Saurashtra cricket team is one of the three first-class cricket teams based in Gujarat (the others being Baroda and Gujarat) that compete in the first-class tournament Ranji Trophy and limited-overs Vijay Hazare Trophy and Syed Mushtaq Ali Trophy.

Competition history
Previous teams competing from Saurashtra were Nawanagar and Western India. Nawanagar won the Ranji Trophy in 1936–37 and were runners up in 1937–38. Western India won the Ranji Trophy in 1943–44.

Saurashtra began competing in the 1950-51 Ranji Trophy. They were runners-up in the Ranji Trophy to Mumbai in 2012–13 and 2015–16 and in 2018–19 against Vidarbha.

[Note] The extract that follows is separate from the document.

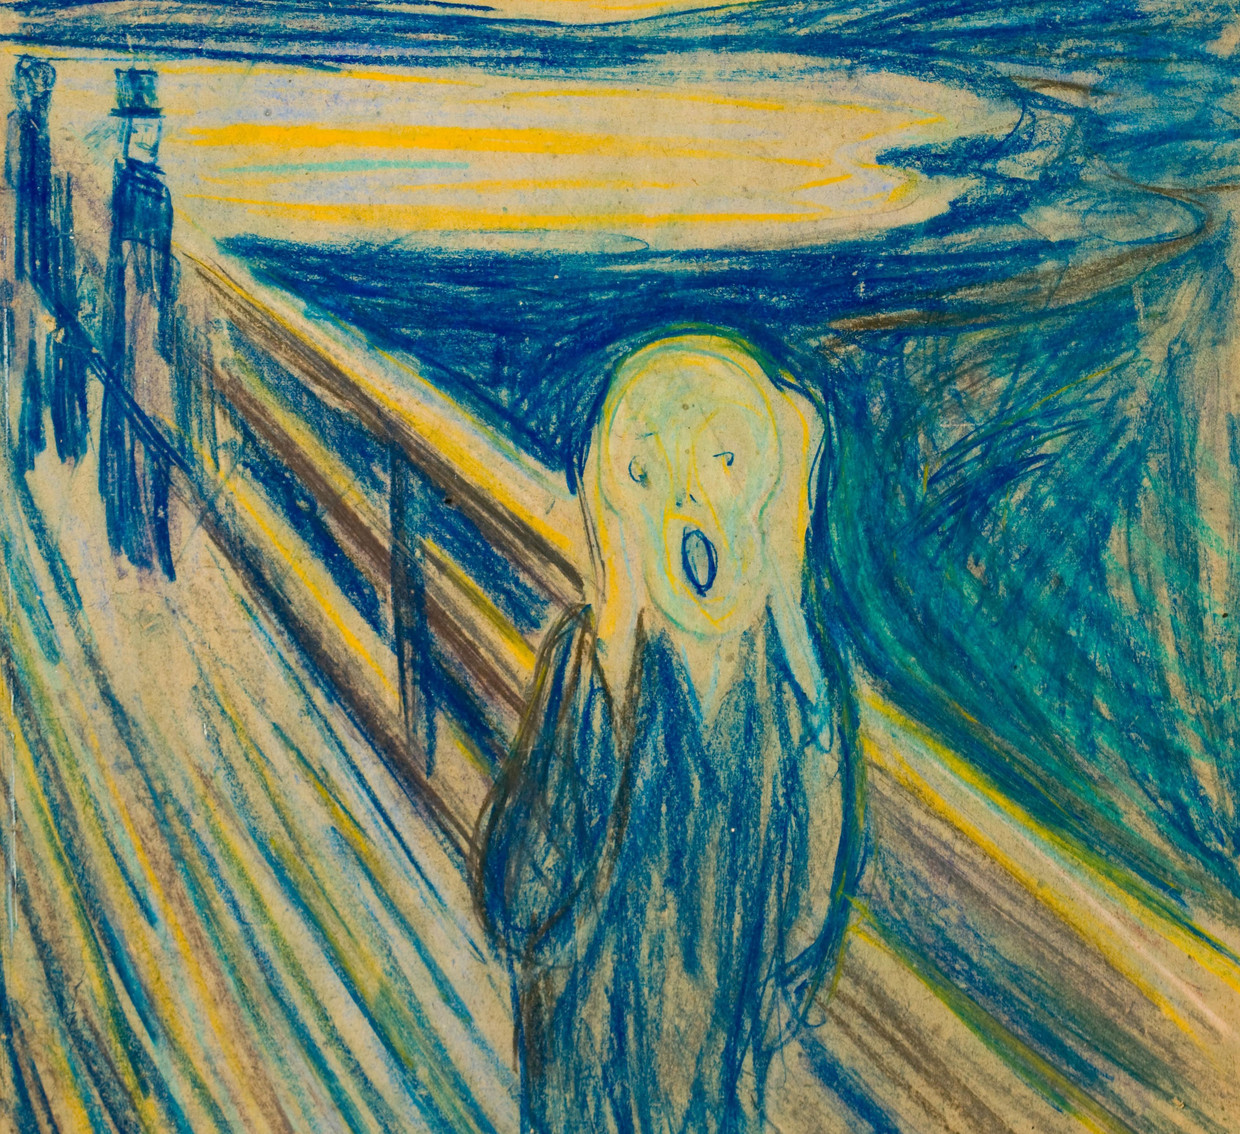 De schreeuw van de Noorse schilder Edvard Munch drukt het geestelijke leed en de emotionele kwelling uit die de schilder tijdens bepaalde perioden in zijn leven heeft gevoeld. Beeld Munchmuseum Oslo

They finally won the Ranji Trophy for the first time in 2019–20 when they beat Bengal on first-innings lead in the final at Rajkot.

Honours
 Ranji Trophy
 Winners (2):  2022-23, 2019–20
 Runners-up (3): 2012–13, 2015–16, 2018–19

Home ground
Saurashtra Cricket Association Stadium, Rajkot
Madhavrao Sindhia Cricket Ground, Rajkot

International players
International players from Saurashtra cricket team include:
Karsan Ghavri
Ravindra Jadeja
Cheteshwar Pujara
Jaydev Unadkat
Chetan Sakariya

Robin Uthappa played two seasons for Saurashtra.

Players

Current squad 
Players with international caps are listed.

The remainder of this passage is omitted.